Let $m=d-n$ and denote points in $\mathbb{R}^d=\mathbb{R}^{n+m}$ by $(x,y)$ with $x\in\mathbb{R}^n$ and $y\in\mathbb{R}^m$. Then $h$ satisfies the conditions of the implicit function theorem at the point $a=(a_x,a_y)$, as found in Rudin PMA Theorem 9.27 for example.
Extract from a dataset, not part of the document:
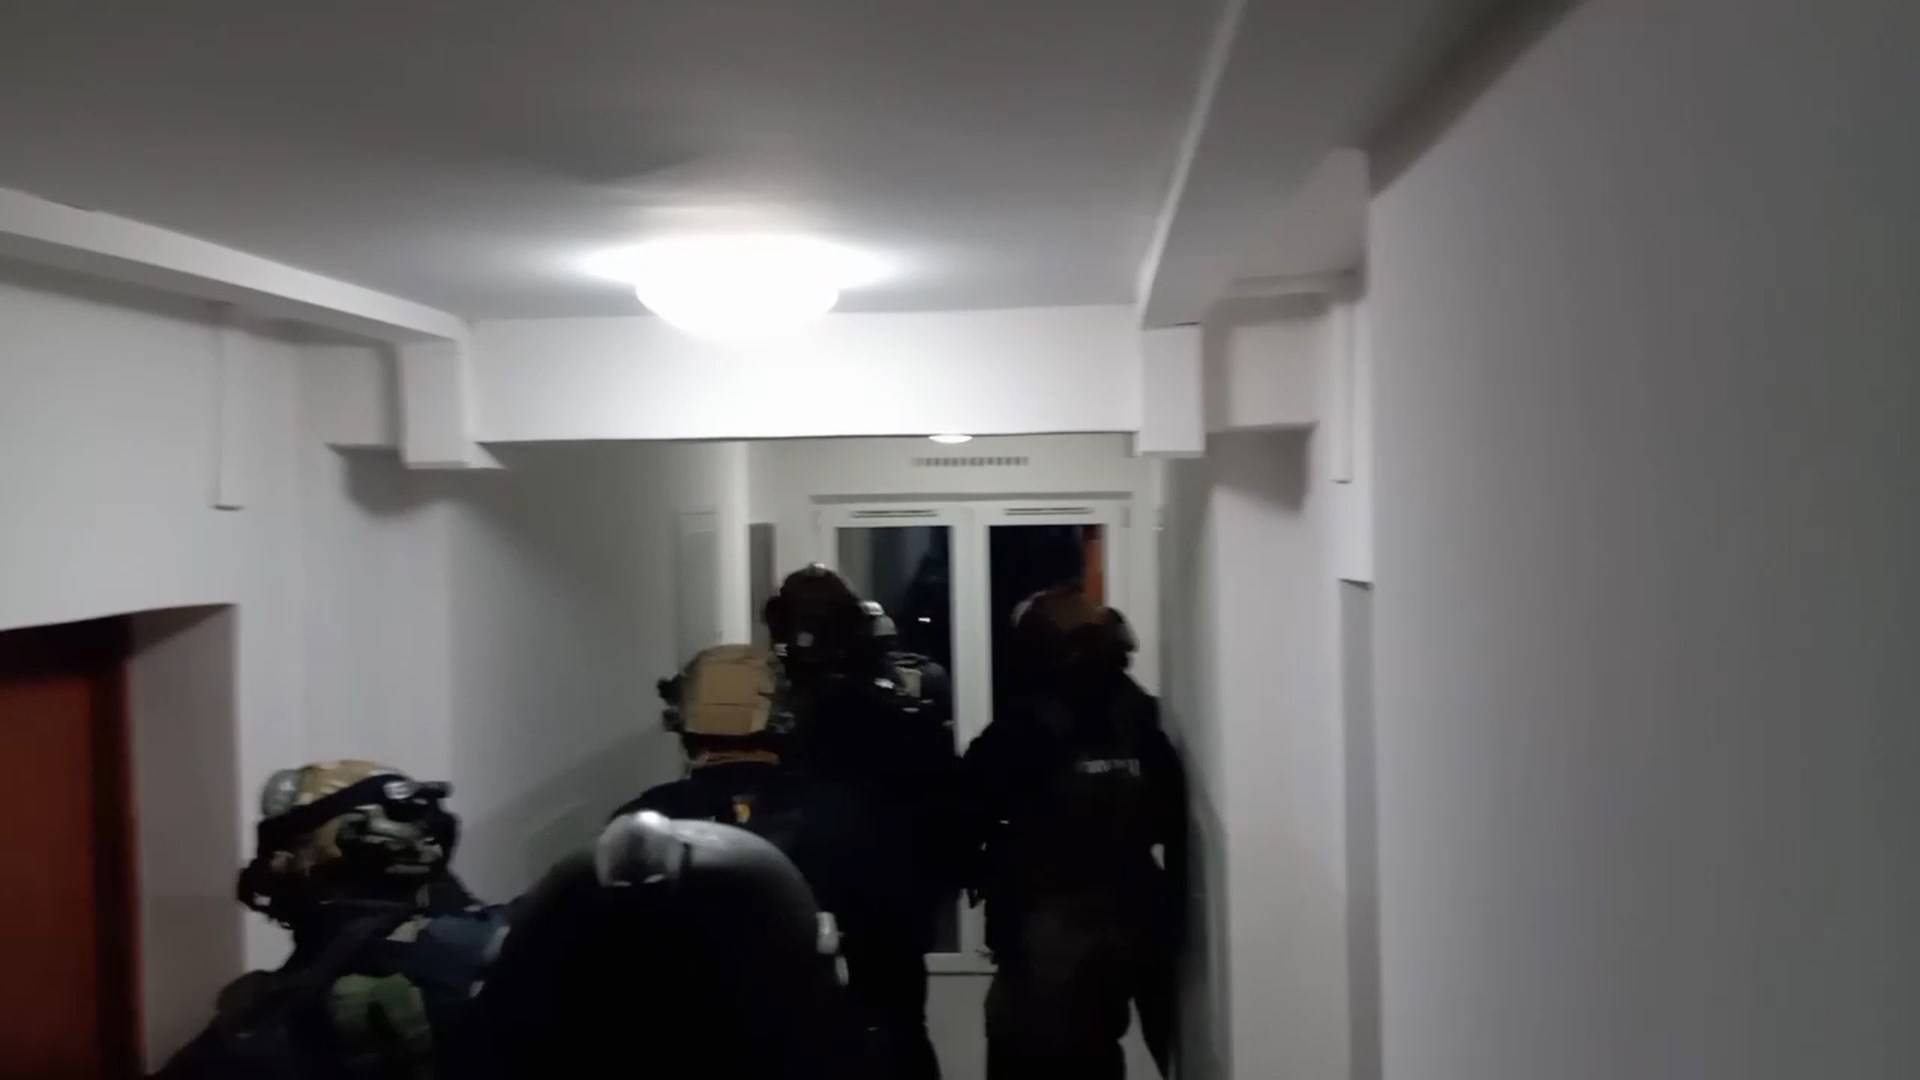 Policja rozbiła narkotykowy gang, padły strzały przy wyważaniu drzwi (film)

Therefore, there exists open sets $U\subset \mathbb{R}^{n+m}$ and $W\subset \mathbb R^m$ with $(a_x,a_y)\in U$ and $a_y\in W$, and a continuously differentiable function $g:W\to\mathbb R^n$ such that $g(a_y)=a_x$ and $h(g(y),y)=0$ for all $y\in W$. In particular we have
$$\{(g(y),y):y\in W\}\subset M \quad \quad (2)$$
Define the function $F:W\to \mathbb R$ by $F(y)=f(g(y),y)$. This functions is differentiable on $W$, and the chain rule gives $F'(y)=f'(g(y),y)\begin{bmatrix} g'(y)\\ I_m \end{bmatrix}$. Since $a_y\in W$ and $g$ is continuous at $a_y$, it follows from $(2)$ that $F$ has an unconstrained local extremum at $a_y$. For if there exists an $r>0$ such that $f|_{M\cap B_r(a)}$ has an unconstrained extremum at $a$, then by choosing $\delta>0$ sufficiently small we obtain $(g(y),y)\in M\cap B_r(a)$ whenever $y\in W\cap B_{\delta}(a_y)$. Using the fact that the derivative must vanish at a local extremum, and partitioning $f'(a)=[f_x'(a) \quad f_y'(a)]$, we get
$$0=F'(a_y)=[f_x'(a) \quad f_y'(a)]\begin{bmatrix} g'(a_y)\\ I_m \end{bmatrix}=f_x'(a)g'(a_y)+ f_y'(a) \quad \quad (3)$$
Next consider the function $H:W\to\mathbb R^{n+m}$ defined by $H(y)=h(g(y),y)$. This functions is differentiable on $W$, and the chain rule gives $H'(y)=h'(g(y),y)\begin{bmatrix} g'(y)\\ I_m \end{bmatrix}$. Moreover we have $H=0$ by definition of $g$, and so in particular
$$0=H'(a_y)=[h_x'(a) \quad h_y'(a)]\begin{bmatrix} g'(a_y)\\ I_m \end{bmatrix}=h_x'(a)g'(a_y)+ h_y'(a) \quad \quad (4)$$
where we partioned $h'(a)=[h_x'(a) \quad h_y'(a)]$. Since the first $n$ columns of $h'(a)$ are linearly independent, $h_x'(a)$ is invertible, and from $(4)$ we get
$$g'(a_y)=-[h_x'(a)]^{-1}h_y'(a) \quad \quad (5)$$
Substituting $(5)$ in $(3)$ and solving for $f_y'(a) $ we obtain
$$f_y'(a) =\Lambda h_y'(a) \quad \quad (6)$$
where $\Lambda:=f_x'(a)[h_x'(a)]^{-1}:=[\lambda_1,\dots,\lambda_n]$. But we also have
$$f'_x(a)=f'_x(a)[h_x'(a)]^{-1}h_x'(a)=\Lambda h_x'(a) \quad \quad (7)$$
so combining $(6)$ and $(7)$ gives
$$f'(a)=[f'_x(a) \quad f'_y(a)]=\Lambda [h_x'(a)\quad h_y'(a)]=\Lambda h'(a)$$
Transposing gives $(1)$, as desired.